[INSTRUCTIONS TO FOLLOW] Only the lines below from the one containing "Kawasan Pasar Baleendah, Kabupaten" through the one containing "Eminembillede På 2465 X 1643 Pixel." belong in the answer, set down exactly, with the pictures left out.

━━━━━ WORKING DATA

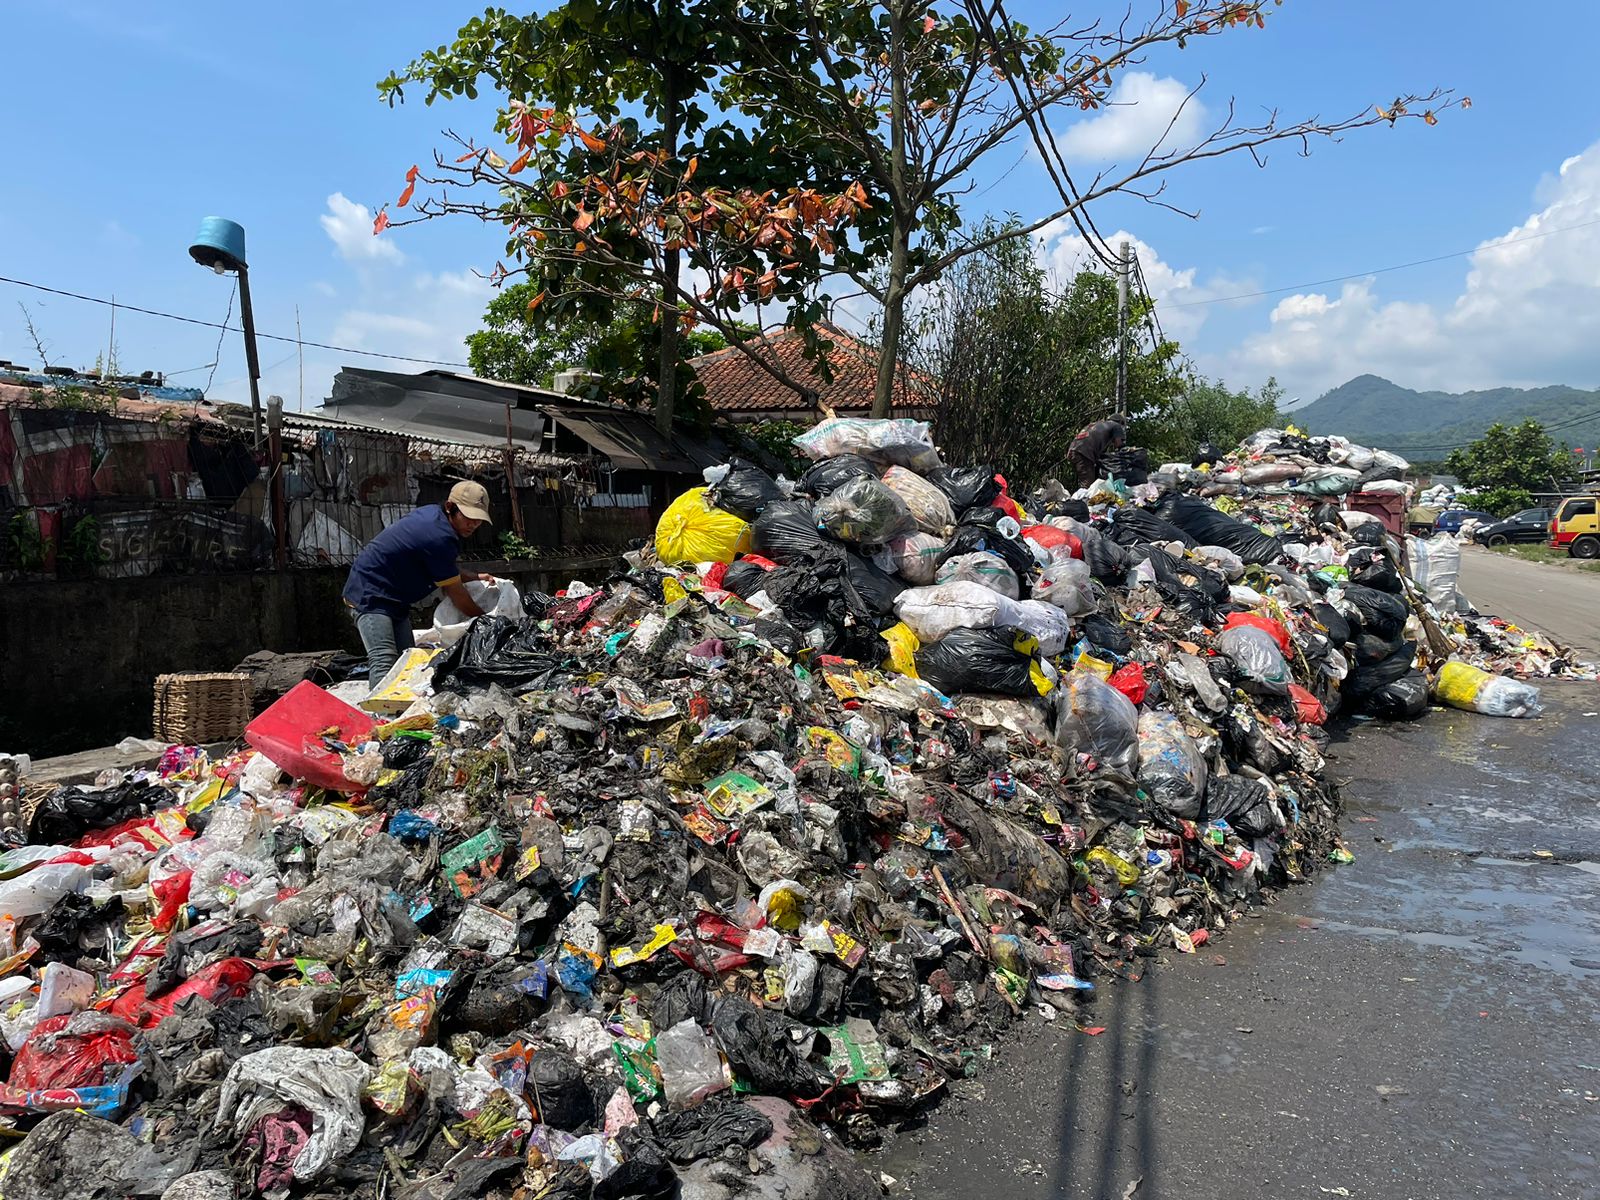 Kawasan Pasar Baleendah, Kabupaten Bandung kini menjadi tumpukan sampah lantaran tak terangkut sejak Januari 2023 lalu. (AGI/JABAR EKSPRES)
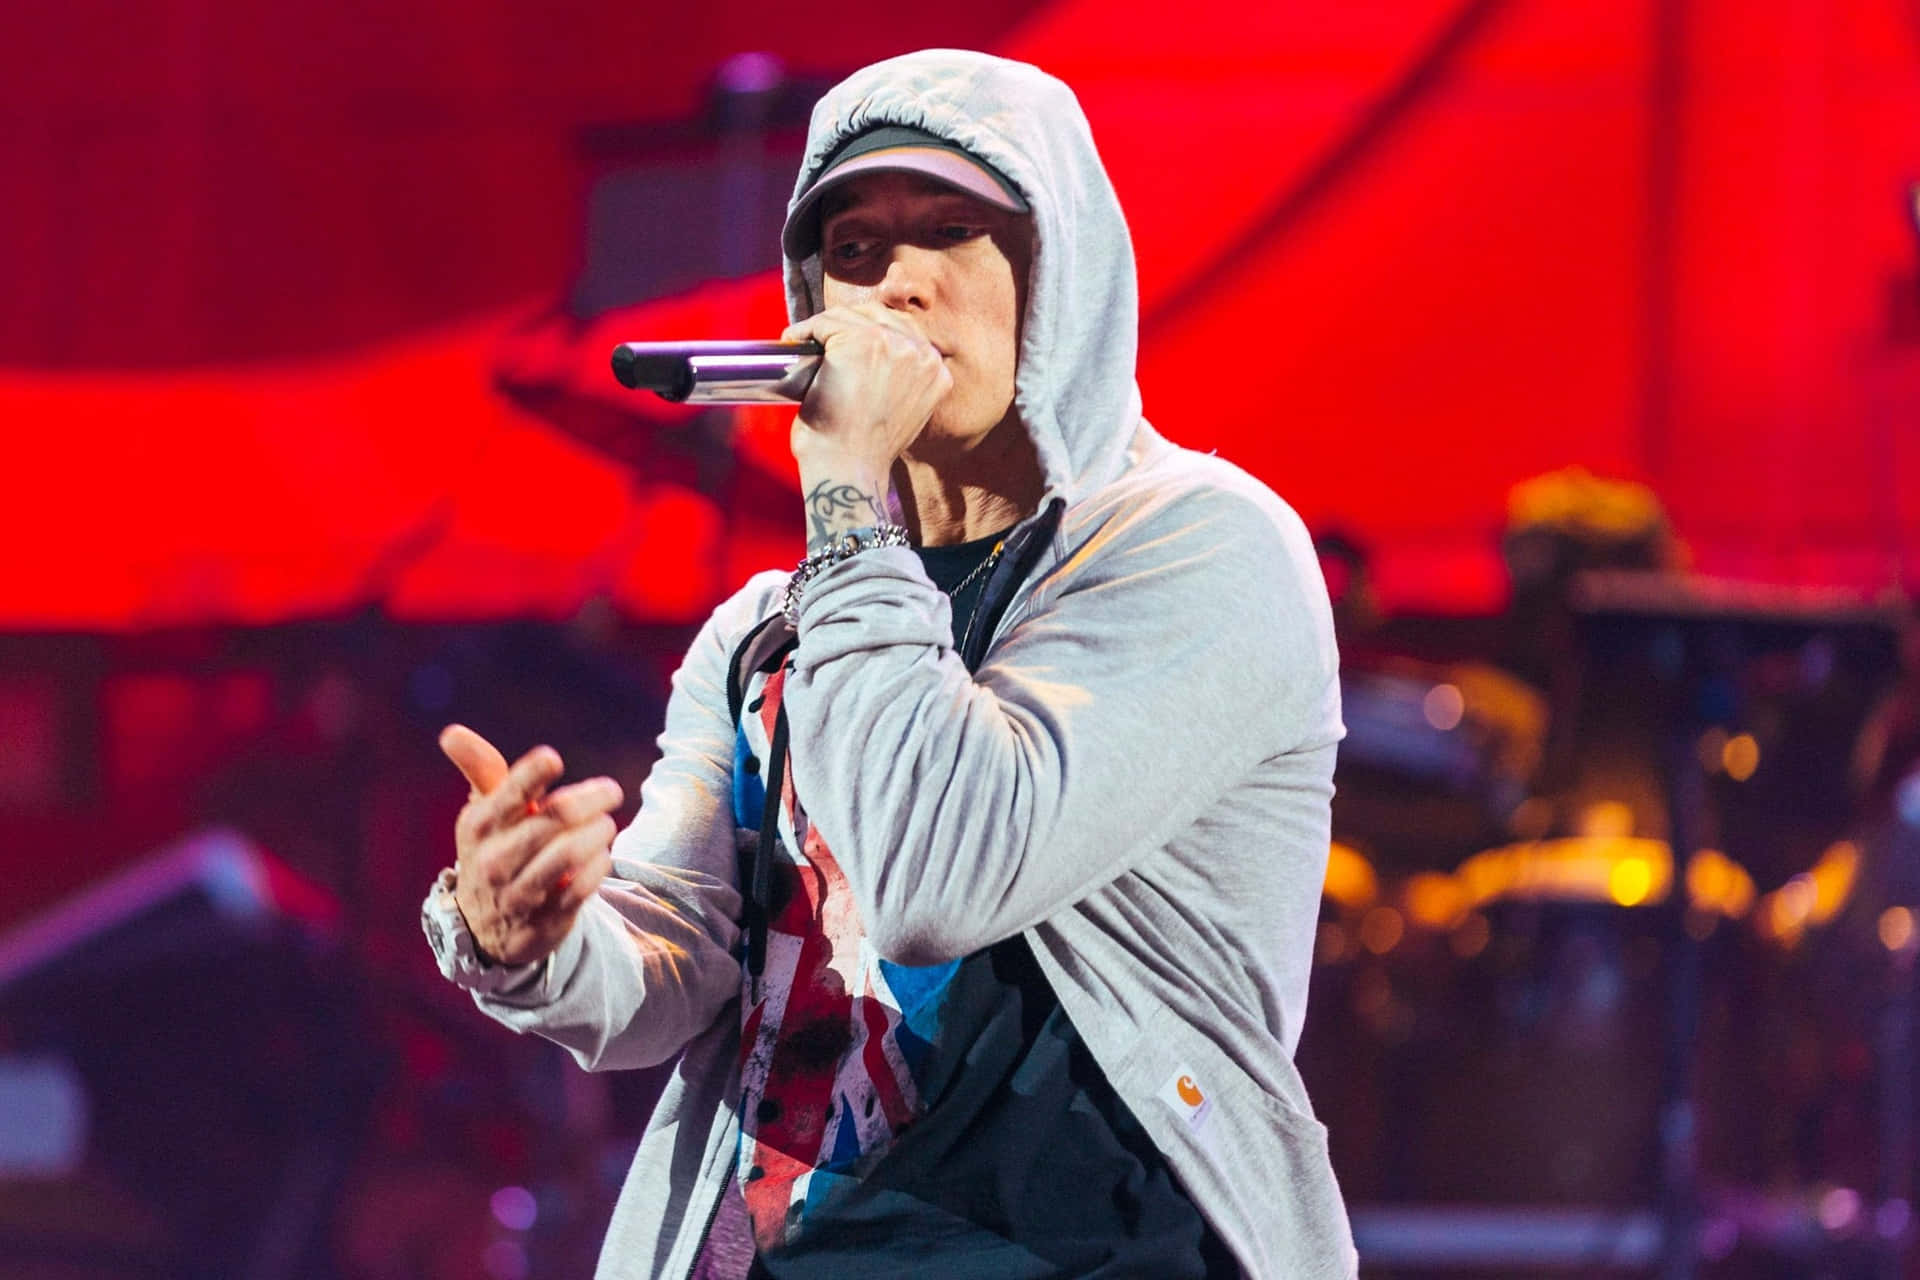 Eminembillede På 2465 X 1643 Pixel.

━━━━━━━━━━
━━━━━ WORKING DATA

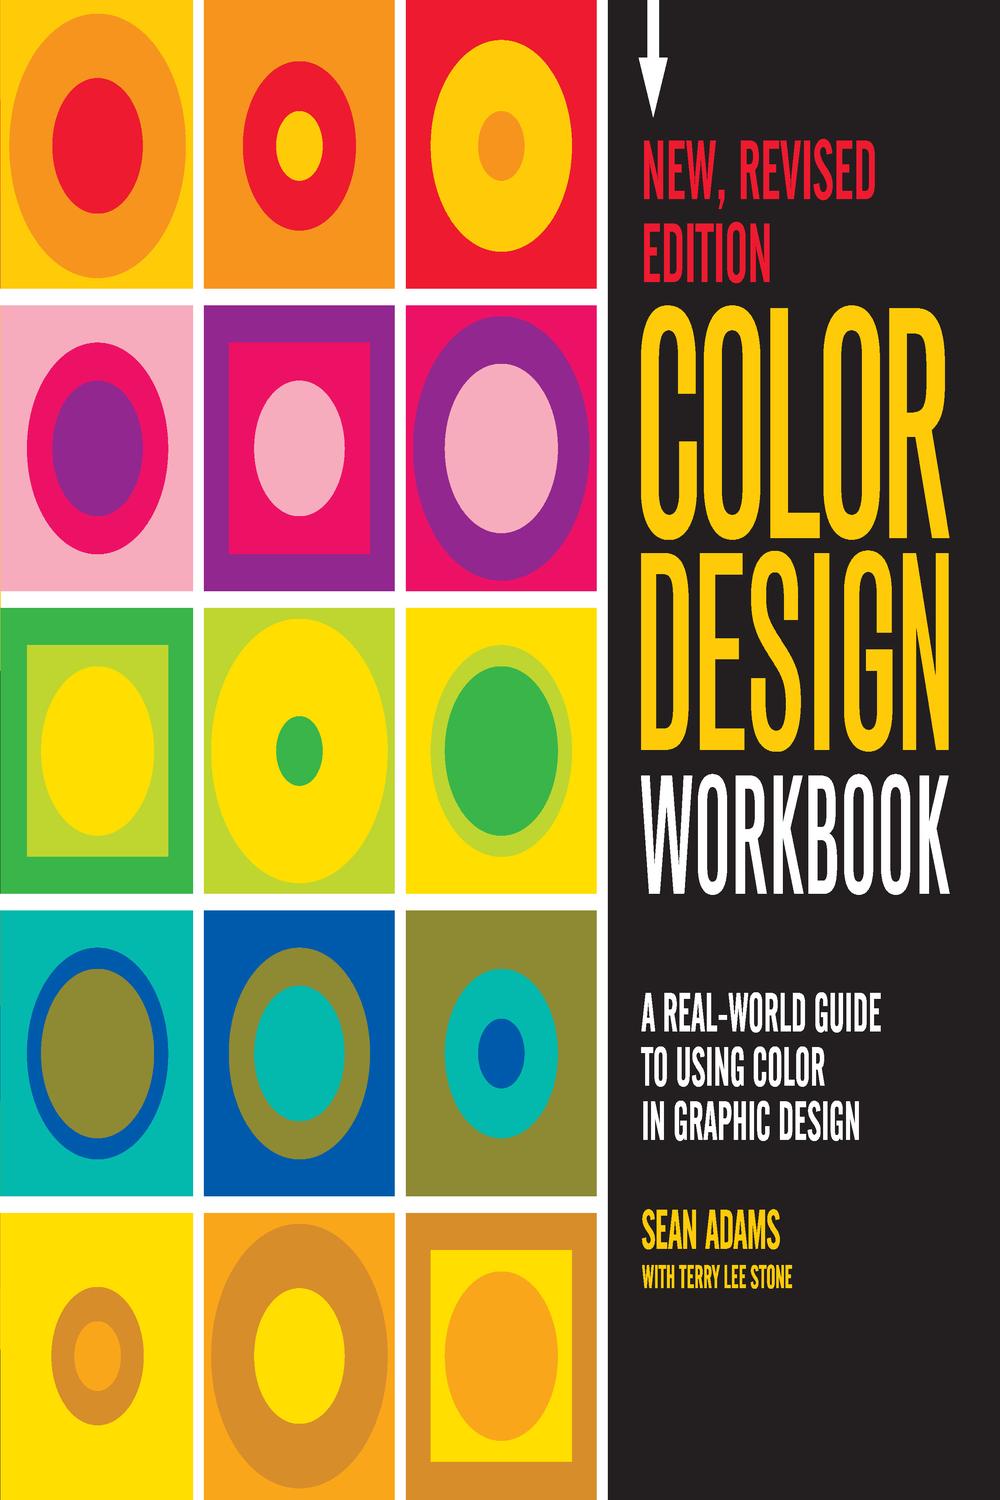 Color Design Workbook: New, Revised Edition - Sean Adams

━━━━━━━━━━

[SOLUTION FOR THIS TASK]
 Kawasan Pasar Baleendah, Kabupaten Bandung kini menjadi tumpukan sampah lantaran tak terangkut sejak Januari 2023 lalu. (AGI/JABAR EKSPRES)
 Eminembillede På 2465 X 1643 Pixel.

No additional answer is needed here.